Una crisi di governo prima delle elezioni europee però è uno scenario a cui nessuno crede. D’altro canto il voto nel consiglio dei ministri sembra scontato: otto sono i ministri M5S, sei sono i leghisti. Scrive oggi il Corriere che prima di mercoledì, ci sono in calendario altri due appuntamenti importanti per la maggioranza. Il primo,sponsorizzato dalla Lega, è l’incontro di lunedì, tra il presidente Conte e la ministra leghista Erika Stefani, per tentare una mediazione in extremis sulla complicatissima partita dell’autonomia regionale che i grillini hanno bloccato; il secondo, atteso con ansia dal M5S, è il voto di martedì alla Camera sul taglio di un terzo dei parlamentari che potrebbe forse essere rallentato con un emendamento non ostile se la Lega si accordasse con PD e Forza Italia.

L’ipotesi di voto a settembre

Il Messaggero in un articolo a firma Alberto Gentili racconta che il Quirinale si prepara all’eventualità atomica di un voto a settembre.

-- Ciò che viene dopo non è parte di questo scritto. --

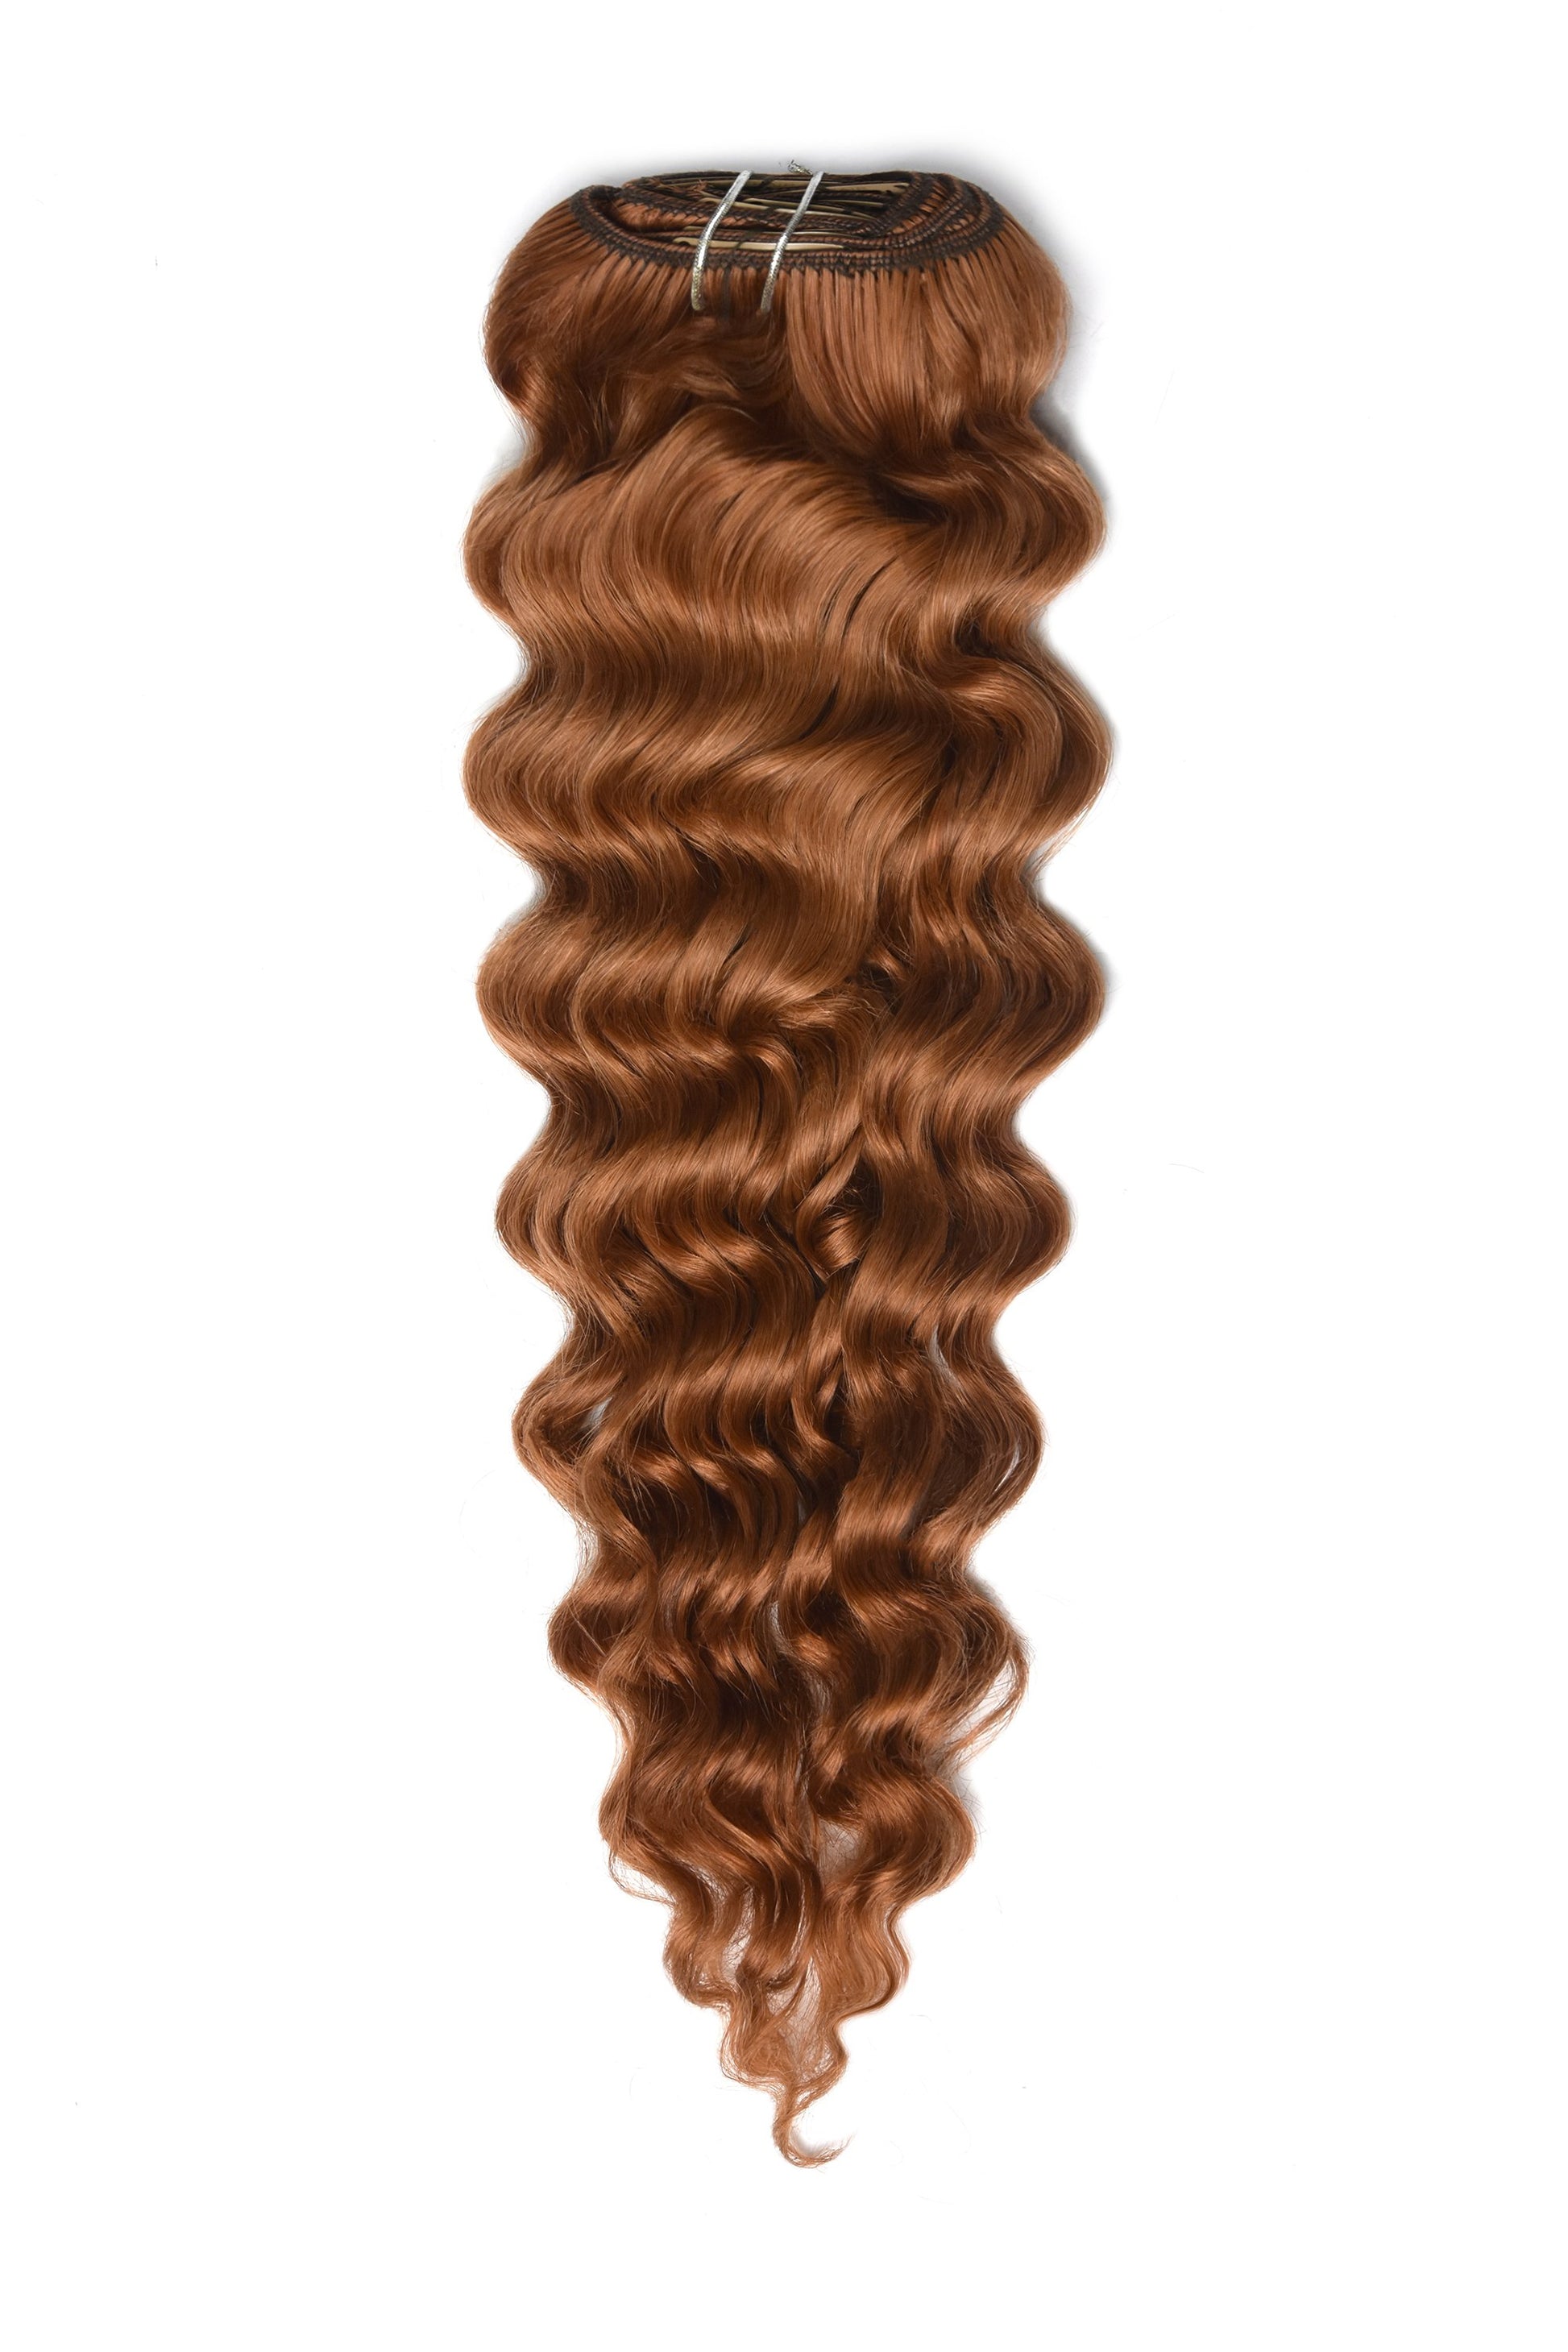 Red curly hair extensions
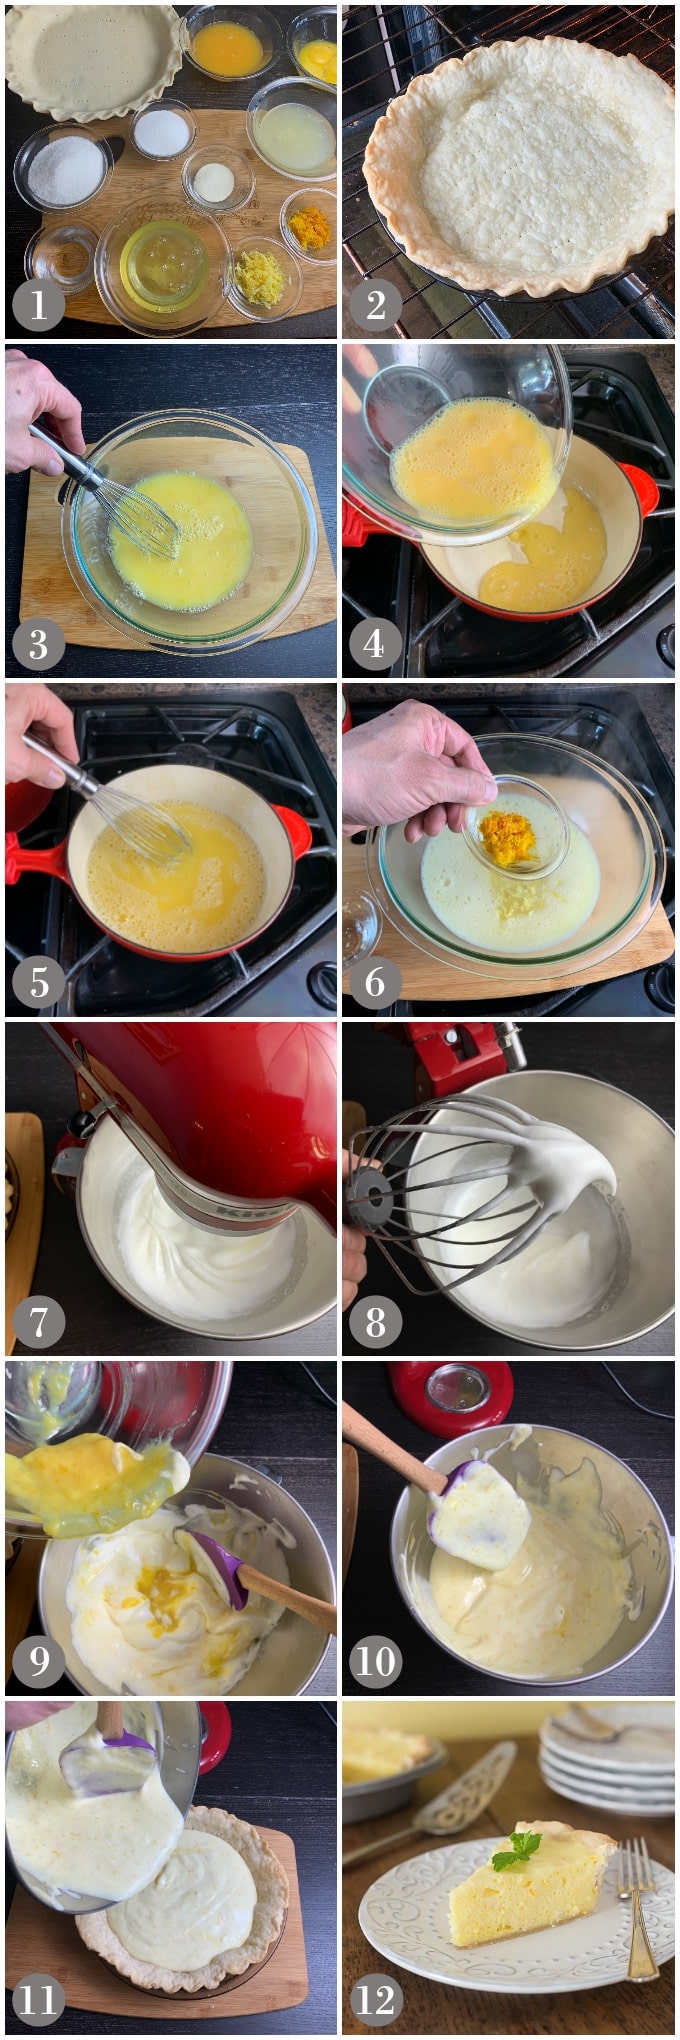 A collage of photos showing steps to make orange and lemon chiffon pie with a stand mixer.

Ovvero, se davvero Conte cade Mattarella cercherà, come gli impone la Costituzione, una maggioranza alternativa che si potrebbe formare con il centrodestra unito e i transfughi grillini (ma alla Camera dovrebbero essere davvero tanti a mollare il M5S).  È invece ritenuta ormai «bruciata» l’ipotesi di un esecutivo formato da M5S e Pd (un anno fa in tentativo fu fatto, inutilmente).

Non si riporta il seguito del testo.